IIIF / iiif-av

The International Image Interoperability Framework (IIIF) Audio/Visual (A/V) Technical Specification Group aims to extend to A/V the benefits of interoperability and the growing ecosystem of clients and servers that IIIF provides for images. This repository contains user stories and mockups for interoperable A/V content – contributions are welcome.
http://iiif.io/community/groups/av/
Apache License 2.0
13 stars 3 forks source link

determine text track kind #63

Open jronallo opened 7 years ago

jronallo commented 7 years ago

Description

Either WebVTT files or text annotations could be meant as captions, subtitles, or descriptions. How can this be made explicit in Presentation?

Variation(s)

The possible kinds an HTML5 track supports include subtitles, captions, descriptions, chapters, and metadata.

Proposed Solutions

Would it be possible to add a "kind" that maps to the HTML5 track element attribute?

Additional Background

This is related to my work on video encoding that also outputs a canvas. See https://github.com/jronallo/abrizer/issues/5 and https://github.com/jronallo/abrizer/issues/6

azaroth42 commented 7 years ago

I think this is one step too deep for Presentation. It's the same distinction as a diplomatic transcription versus an edition of a manuscript -- important from a semantic perspective, but less so from a presentation perspective. The only distinction is subtitles vs captions, which as we heard last week, is a North American concern not shared even in the UK. The other three map to metadata properties, not annotations.
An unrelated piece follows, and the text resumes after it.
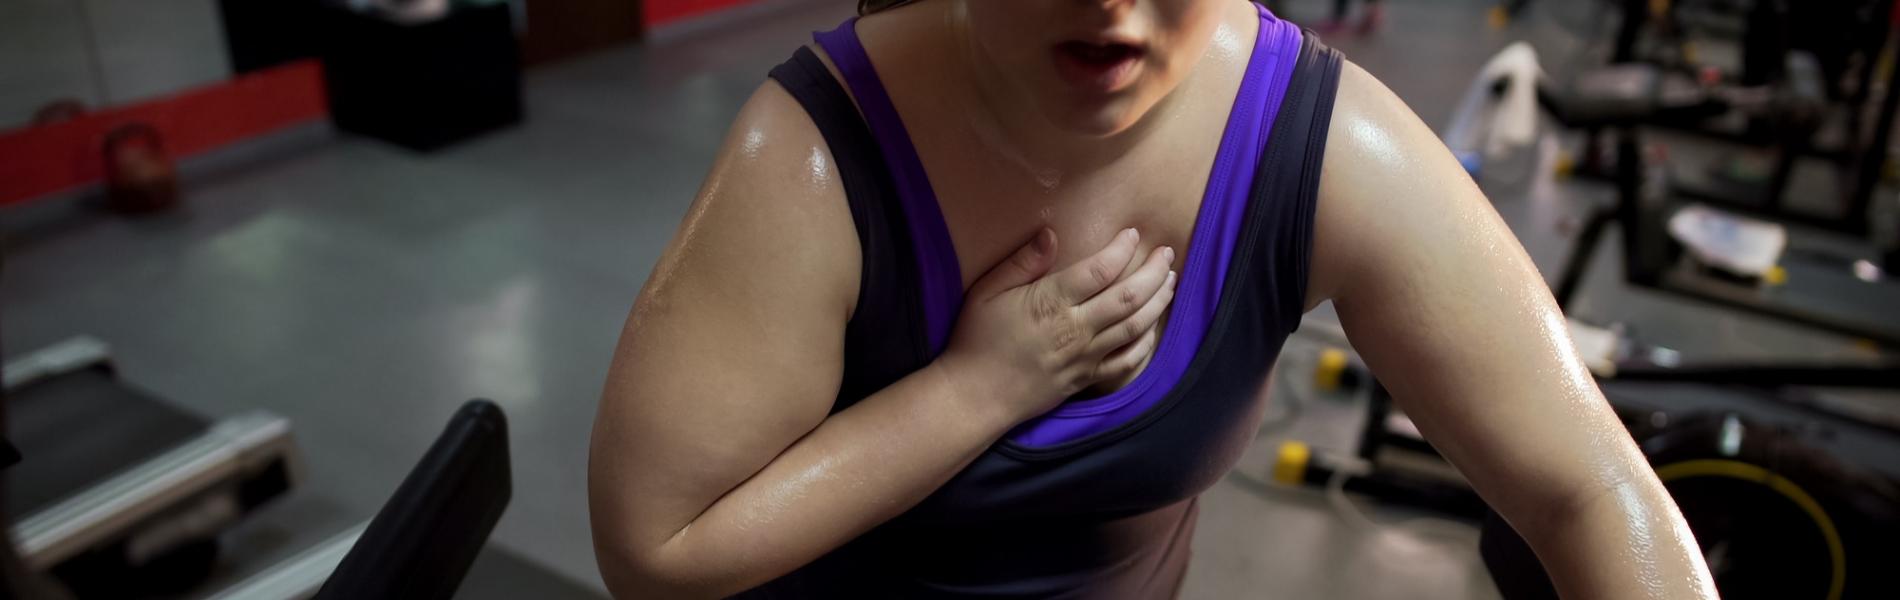 עלייה משמעותית בהתקפי לב אצל נשים צעירות: כך תזהי שאת בהתקף

zimeon commented 7 years ago

I agree with @azaroth42 that semantic indication is a metadata issue and (aside from linking) outside the scope of prezi. Presumably if the use case is to show the choice of transcripts to a user then that would be simple a Choice with appropriate labels following the pattern of the language choice in https://github.com/IIIF/iiif-av/blob/master/source/api/av/examples/11a.json (no choiceHint client) ?

jronallo commented 7 years ago

If you're delivering the content through a track element then how do you select the kind of captions or subtitles to use for the track? They do have different definitions and use cases as far as the HTML5 specification goes. Subtitles are for the case where sound is available and heard, but the language of the dialogue is not understood. Captions include more than just dialogue and are meant for when sound is not available. These definitions go beyond the distinction between same language subtitling and translation that is often the distinction made between the words "captions" and "subtitles." Captions will include text for the crash that happens off-screen, while subtitles whether the same language as the dialogue or not do not have the same intention to fill in those accessibility gaps for someone without access to the sound.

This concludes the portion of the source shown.